(Beginning of Information provided)

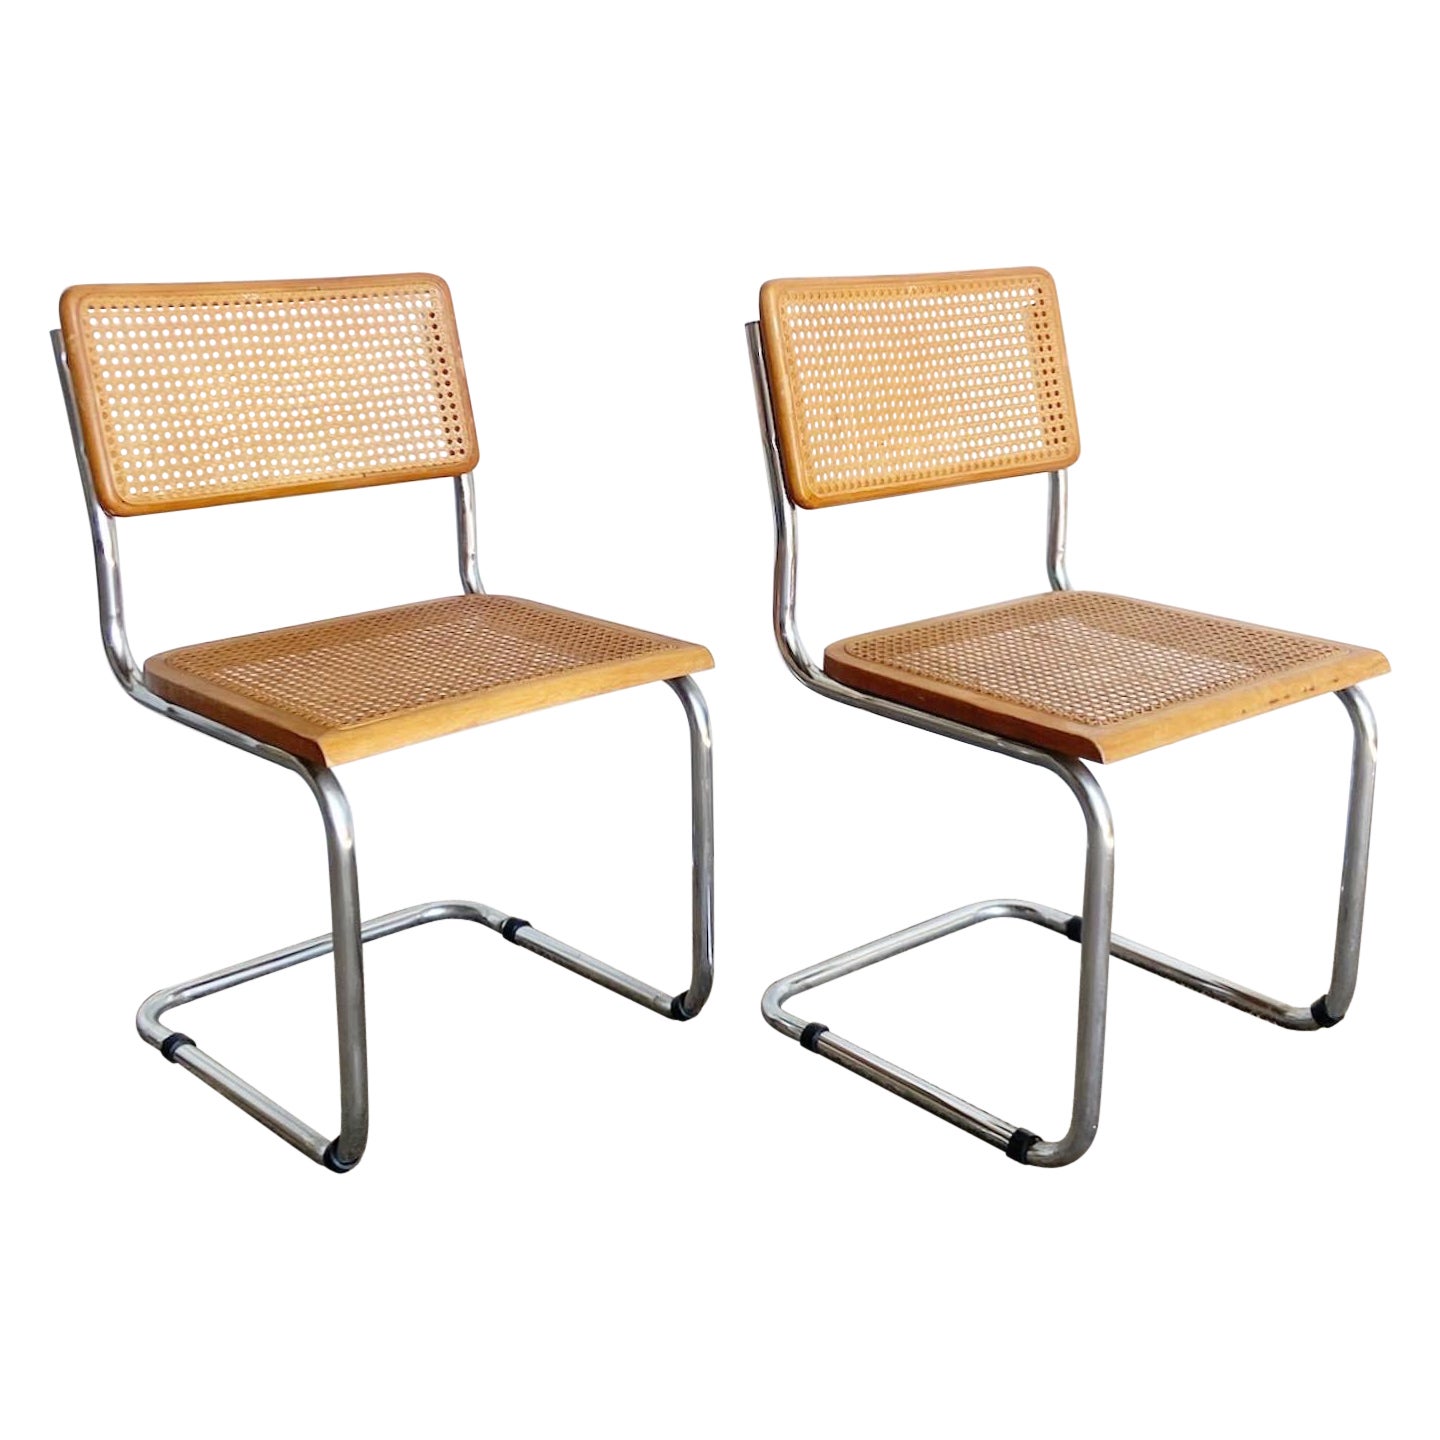 Mid Century Modern Cane and Chrome Cantilever Dining Chairs - a Pair For Sale
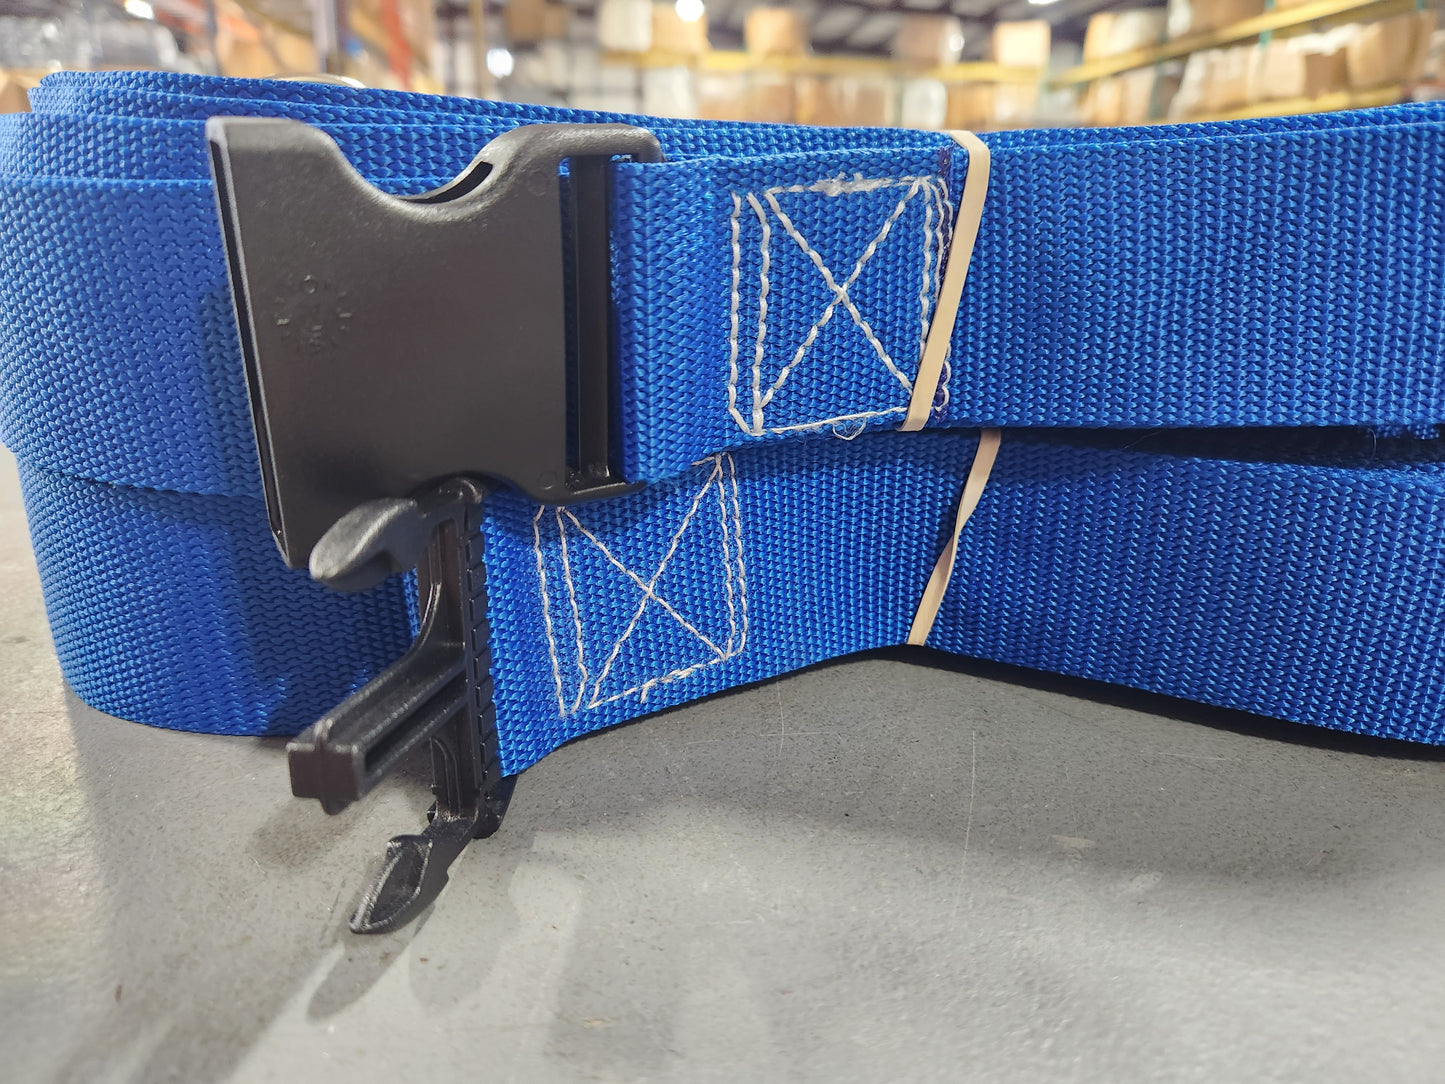 CLEARANCE ITEM #69: M819NAS,Blue: Volleyball Boundary Adjustable 2-inch Webbing, 26.3' x 52.6', Sand Pegs, Blue)
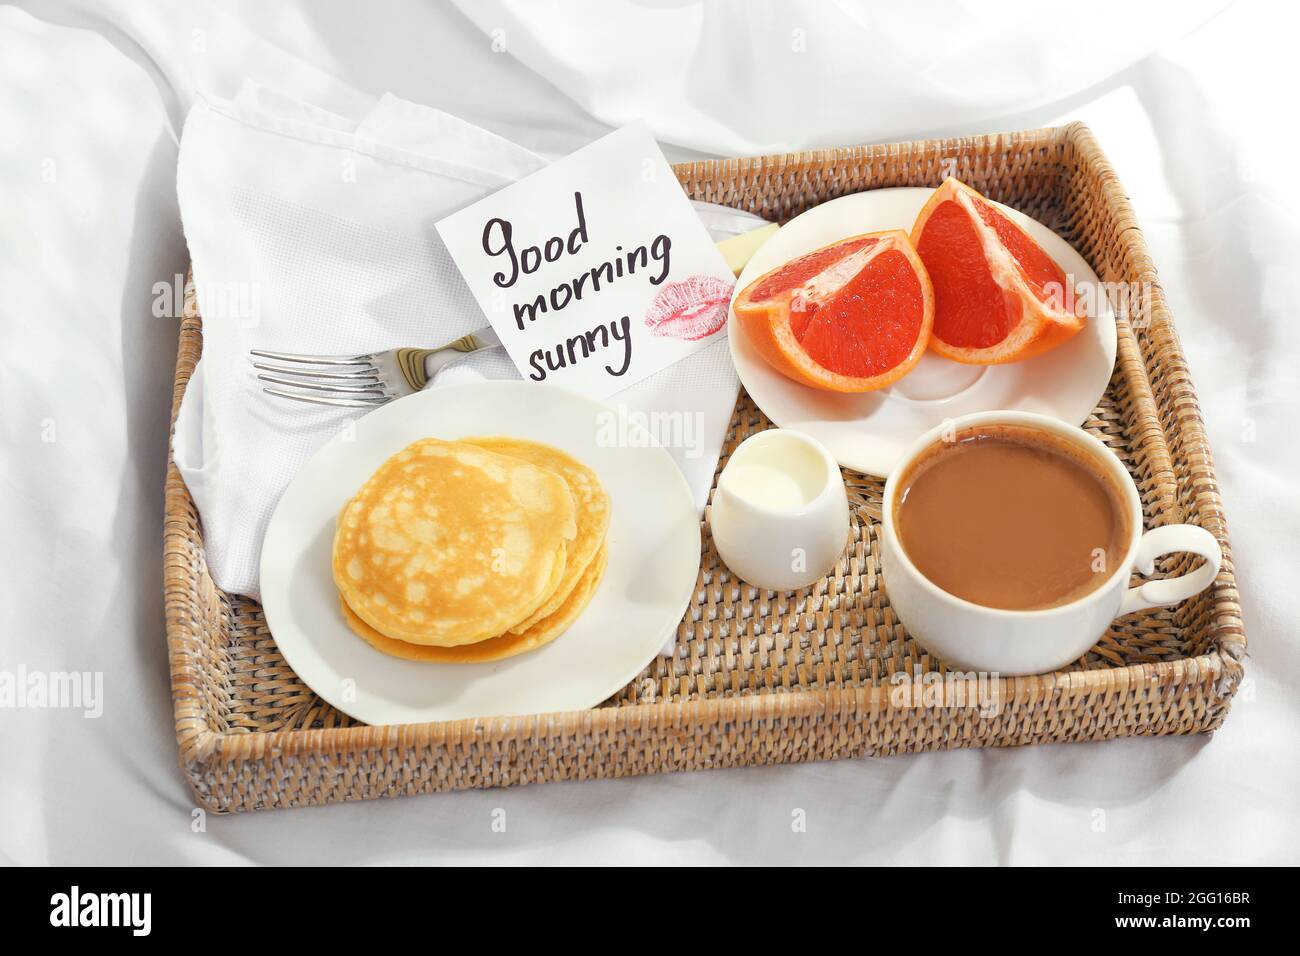 Healthy breakfast with wish of good morning Stock Photo - Alamy
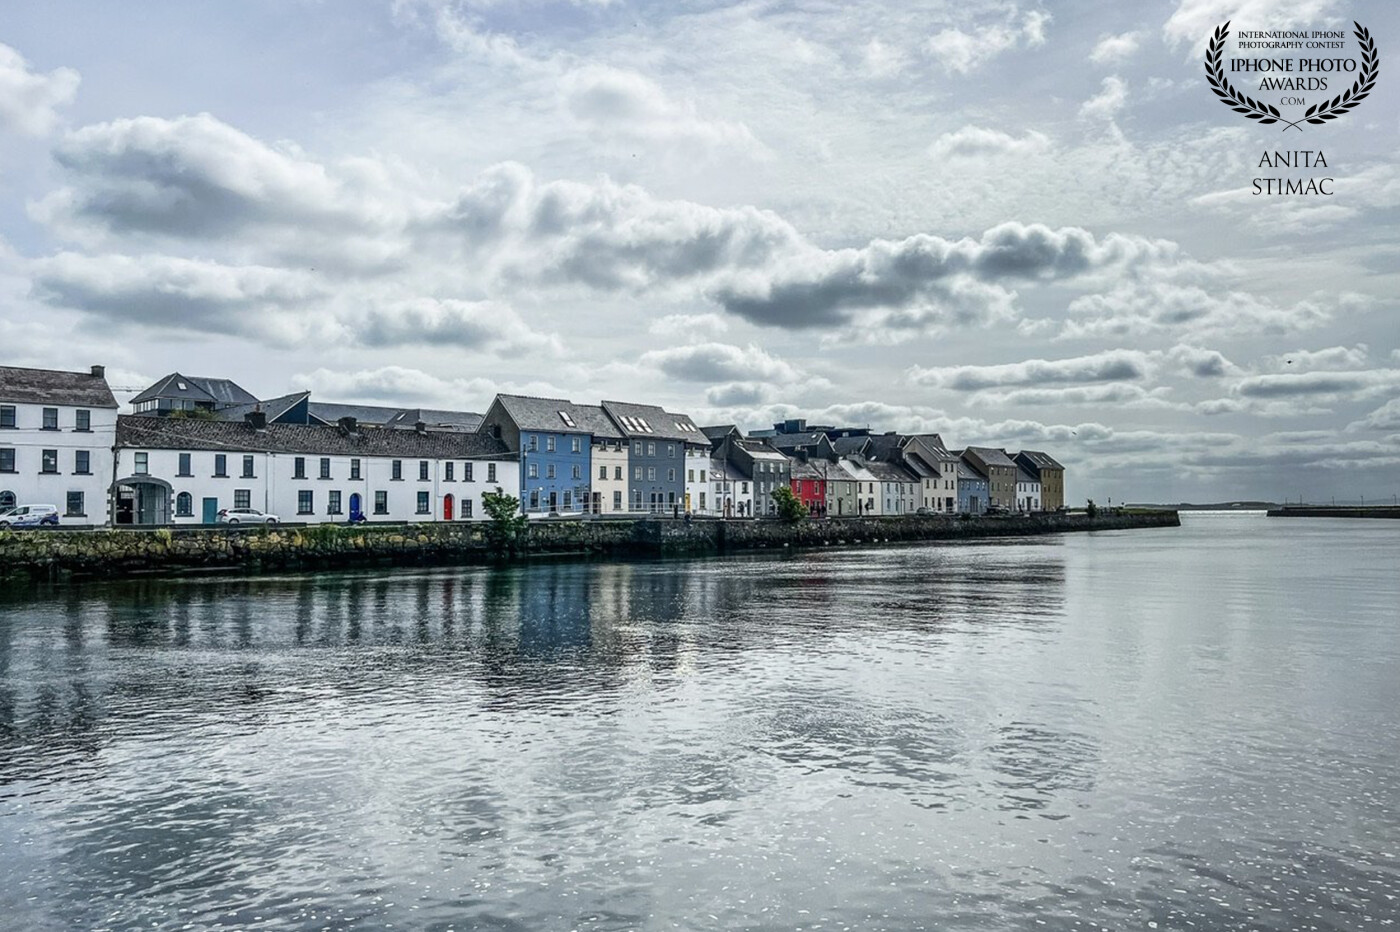 White clouds float above this picturesque city, while the ocean in the background beckons for adventure and discovery. Galway, Ireland.

(End of Information provided)

--- Problem ---
Starting at the line that contains "CLEARANCE ITEM #69: M819NAS,Blue: Volleyball" and ending with the last line of the data, transcribe every line exactly; skip the pictures.

--- Written reply ---
 CLEARANCE ITEM #69: M819NAS,Blue: Volleyball Boundary Adjustable 2-inch Webbing, 26.3' x 52.6', Sand Pegs, Blue)
 Healthy breakfast with wish of good morning Stock Photo - Alamy
 White clouds float above this picturesque city, while the ocean in the background beckons for adventure and discovery. Galway, Ireland.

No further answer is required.